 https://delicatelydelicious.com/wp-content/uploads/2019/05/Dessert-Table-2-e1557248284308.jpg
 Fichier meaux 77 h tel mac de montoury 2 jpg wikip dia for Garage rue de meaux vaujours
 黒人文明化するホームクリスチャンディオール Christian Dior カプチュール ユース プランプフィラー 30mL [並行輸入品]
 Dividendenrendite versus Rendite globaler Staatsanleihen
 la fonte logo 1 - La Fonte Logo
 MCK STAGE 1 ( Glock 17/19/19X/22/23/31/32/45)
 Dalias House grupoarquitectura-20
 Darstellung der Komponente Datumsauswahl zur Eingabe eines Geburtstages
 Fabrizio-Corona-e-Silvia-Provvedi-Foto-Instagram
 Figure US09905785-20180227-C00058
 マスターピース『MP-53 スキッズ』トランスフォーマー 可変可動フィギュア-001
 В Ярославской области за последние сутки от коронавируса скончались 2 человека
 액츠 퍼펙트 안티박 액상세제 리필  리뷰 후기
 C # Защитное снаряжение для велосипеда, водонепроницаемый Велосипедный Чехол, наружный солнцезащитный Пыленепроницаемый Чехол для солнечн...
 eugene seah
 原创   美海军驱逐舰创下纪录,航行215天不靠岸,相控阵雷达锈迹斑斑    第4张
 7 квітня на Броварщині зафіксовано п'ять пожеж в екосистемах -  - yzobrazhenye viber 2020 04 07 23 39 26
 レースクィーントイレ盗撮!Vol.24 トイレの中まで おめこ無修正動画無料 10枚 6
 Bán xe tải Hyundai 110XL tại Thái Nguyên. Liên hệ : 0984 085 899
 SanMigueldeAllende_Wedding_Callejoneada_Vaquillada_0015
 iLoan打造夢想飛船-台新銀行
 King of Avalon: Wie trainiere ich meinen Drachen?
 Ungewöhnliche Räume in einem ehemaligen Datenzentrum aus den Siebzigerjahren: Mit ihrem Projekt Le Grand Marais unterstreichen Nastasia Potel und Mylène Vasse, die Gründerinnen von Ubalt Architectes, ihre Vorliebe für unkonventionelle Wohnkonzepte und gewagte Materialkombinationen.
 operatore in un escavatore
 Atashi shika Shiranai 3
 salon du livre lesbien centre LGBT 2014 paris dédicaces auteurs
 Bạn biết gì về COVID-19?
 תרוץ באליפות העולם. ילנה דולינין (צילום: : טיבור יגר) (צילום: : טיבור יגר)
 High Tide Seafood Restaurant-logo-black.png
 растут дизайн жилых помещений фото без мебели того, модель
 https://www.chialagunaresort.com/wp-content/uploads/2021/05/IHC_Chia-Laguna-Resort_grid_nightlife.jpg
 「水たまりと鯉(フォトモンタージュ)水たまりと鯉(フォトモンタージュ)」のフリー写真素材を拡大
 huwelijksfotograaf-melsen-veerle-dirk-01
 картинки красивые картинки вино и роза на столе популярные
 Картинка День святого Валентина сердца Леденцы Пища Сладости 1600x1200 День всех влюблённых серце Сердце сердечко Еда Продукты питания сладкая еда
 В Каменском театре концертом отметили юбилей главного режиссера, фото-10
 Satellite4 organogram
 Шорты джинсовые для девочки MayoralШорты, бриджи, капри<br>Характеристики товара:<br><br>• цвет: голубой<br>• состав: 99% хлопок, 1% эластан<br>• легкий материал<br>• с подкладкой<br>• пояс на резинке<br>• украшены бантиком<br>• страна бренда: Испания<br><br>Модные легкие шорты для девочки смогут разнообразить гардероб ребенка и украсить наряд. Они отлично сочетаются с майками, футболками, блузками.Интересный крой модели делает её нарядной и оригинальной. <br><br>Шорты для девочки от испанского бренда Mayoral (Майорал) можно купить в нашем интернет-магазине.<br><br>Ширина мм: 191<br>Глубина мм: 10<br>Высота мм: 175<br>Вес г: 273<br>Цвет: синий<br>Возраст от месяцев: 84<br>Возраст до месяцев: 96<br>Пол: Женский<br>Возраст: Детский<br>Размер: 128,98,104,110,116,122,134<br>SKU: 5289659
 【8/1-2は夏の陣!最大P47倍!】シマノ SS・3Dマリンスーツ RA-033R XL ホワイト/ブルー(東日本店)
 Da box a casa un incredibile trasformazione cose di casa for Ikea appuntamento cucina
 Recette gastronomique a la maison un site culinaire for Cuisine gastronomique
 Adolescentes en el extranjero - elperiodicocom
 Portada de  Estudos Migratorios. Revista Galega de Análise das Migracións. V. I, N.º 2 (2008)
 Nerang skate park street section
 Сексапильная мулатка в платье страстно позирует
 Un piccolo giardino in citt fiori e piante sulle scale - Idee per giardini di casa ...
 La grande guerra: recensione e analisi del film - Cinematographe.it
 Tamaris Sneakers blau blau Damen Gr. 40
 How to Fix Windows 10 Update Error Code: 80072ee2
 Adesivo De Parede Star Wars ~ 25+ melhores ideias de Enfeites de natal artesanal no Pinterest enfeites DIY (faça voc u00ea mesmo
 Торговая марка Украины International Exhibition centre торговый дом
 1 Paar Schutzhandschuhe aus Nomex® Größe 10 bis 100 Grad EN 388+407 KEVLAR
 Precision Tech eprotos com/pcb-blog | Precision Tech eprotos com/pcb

Problem statement -> Return the full data, every line of it, with nothing altered.

Exercise answer ->
 https://delicatelydelicious.com/wp-content/uploads/2019/05/Dessert-Table-2-e1557248284308.jpg
 Fichier meaux 77 h tel mac de montoury 2 jpg wikip dia for Garage rue de meaux vaujours
 黒人文明化するホームクリスチャンディオール Christian Dior カプチュール ユース プランプフィラー 30mL [並行輸入品]
 Dividendenrendite versus Rendite globaler Staatsanleihen
 la fonte logo 1 - La Fonte Logo
 MCK STAGE 1 ( Glock 17/19/19X/22/23/31/32/45)
 Dalias House grupoarquitectura-20
 Darstellung der Komponente Datumsauswahl zur Eingabe eines Geburtstages
 Fabrizio-Corona-e-Silvia-Provvedi-Foto-Instagram
 Figure US09905785-20180227-C00058
 マスターピース『MP-53 スキッズ』トランスフォーマー 可変可動フィギュア-001
 В Ярославской области за последние сутки от коронавируса скончались 2 человека
 액츠 퍼펙트 안티박 액상세제 리필  리뷰 후기
 C # Защитное снаряжение для велосипеда, водонепроницаемый Велосипедный Чехол, наружный солнцезащитный Пыленепроницаемый Чехол для солнечн...
 eugene seah
 原创   美海军驱逐舰创下纪录,航行215天不靠岸,相控阵雷达锈迹斑斑    第4张
 7 квітня на Броварщині зафіксовано п'ять пожеж в екосистемах -  - yzobrazhenye viber 2020 04 07 23 39 26
 レースクィーントイレ盗撮!Vol.24 トイレの中まで おめこ無修正動画無料 10枚 6
 Bán xe tải Hyundai 110XL tại Thái Nguyên. Liên hệ : 0984 085 899
 SanMigueldeAllende_Wedding_Callejoneada_Vaquillada_0015
 iLoan打造夢想飛船-台新銀行
 King of Avalon: Wie trainiere ich meinen Drachen?
 Ungewöhnliche Räume in einem ehemaligen Datenzentrum aus den Siebzigerjahren: Mit ihrem Projekt Le Grand Marais unterstreichen Nastasia Potel und Mylène Vasse, die Gründerinnen von Ubalt Architectes, ihre Vorliebe für unkonventionelle Wohnkonzepte und gewagte Materialkombinationen.
 operatore in un escavatore
 Atashi shika Shiranai 3
 salon du livre lesbien centre LGBT 2014 paris dédicaces auteurs
 Bạn biết gì về COVID-19?
 תרוץ באליפות העולם. ילנה דולינין (צילום: : טיבור יגר) (צילום: : טיבור יגר)
 High Tide Seafood Restaurant-logo-black.png
 растут дизайн жилых помещений фото без мебели того, модель
 https://www.chialagunaresort.com/wp-content/uploads/2021/05/IHC_Chia-Laguna-Resort_grid_nightlife.jpg
 「水たまりと鯉(フォトモンタージュ)水たまりと鯉(フォトモンタージュ)」のフリー写真素材を拡大
 huwelijksfotograaf-melsen-veerle-dirk-01
 картинки красивые картинки вино и роза на столе популярные
 Картинка День святого Валентина сердца Леденцы Пища Сладости 1600x1200 День всех влюблённых серце Сердце сердечко Еда Продукты питания сладкая еда
 В Каменском театре концертом отметили юбилей главного режиссера, фото-10
 Satellite4 organogram
 Шорты джинсовые для девочки MayoralШорты, бриджи, капри<br>Характеристики товара:<br><br>• цвет: голубой<br>• состав: 99% хлопок, 1% эластан<br>• легкий материал<br>• с подкладкой<br>• пояс на резинке<br>• украшены бантиком<br>• страна бренда: Испания<br><br>Модные легкие шорты для девочки смогут разнообразить гардероб ребенка и украсить наряд. Они отлично сочетаются с майками, футболками, блузками.Интересный крой модели делает её нарядной и оригинальной. <br><br>Шорты для девочки от испанского бренда Mayoral (Майорал) можно купить в нашем интернет-магазине.<br><br>Ширина мм: 191<br>Глубина мм: 10<br>Высота мм: 175<br>Вес г: 273<br>Цвет: синий<br>Возраст от месяцев: 84<br>Возраст до месяцев: 96<br>Пол: Женский<br>Возраст: Детский<br>Размер: 128,98,104,110,116,122,134<br>SKU: 5289659
 【8/1-2は夏の陣!最大P47倍!】シマノ SS・3Dマリンスーツ RA-033R XL ホワイト/ブルー(東日本店)
 Da box a casa un incredibile trasformazione cose di casa for Ikea appuntamento cucina
 Recette gastronomique a la maison un site culinaire for Cuisine gastronomique
 Adolescentes en el extranjero - elperiodicocom
 Portada de  Estudos Migratorios. Revista Galega de Análise das Migracións. V. I, N.º 2 (2008)
 Nerang skate park street section
 Сексапильная мулатка в платье страстно позирует
 Un piccolo giardino in citt fiori e piante sulle scale - Idee per giardini di casa ...
 La grande guerra: recensione e analisi del film - Cinematographe.it
 Tamaris Sneakers blau blau Damen Gr. 40
 How to Fix Windows 10 Update Error Code: 80072ee2
 Adesivo De Parede Star Wars ~ 25+ melhores ideias de Enfeites de natal artesanal no Pinterest enfeites DIY (faça voc u00ea mesmo
 Торговая марка Украины International Exhibition centre торговый дом
 1 Paar Schutzhandschuhe aus Nomex® Größe 10 bis 100 Grad EN 388+407 KEVLAR
 Precision Tech eprotos com/pcb-blog | Precision Tech eprotos com/pcb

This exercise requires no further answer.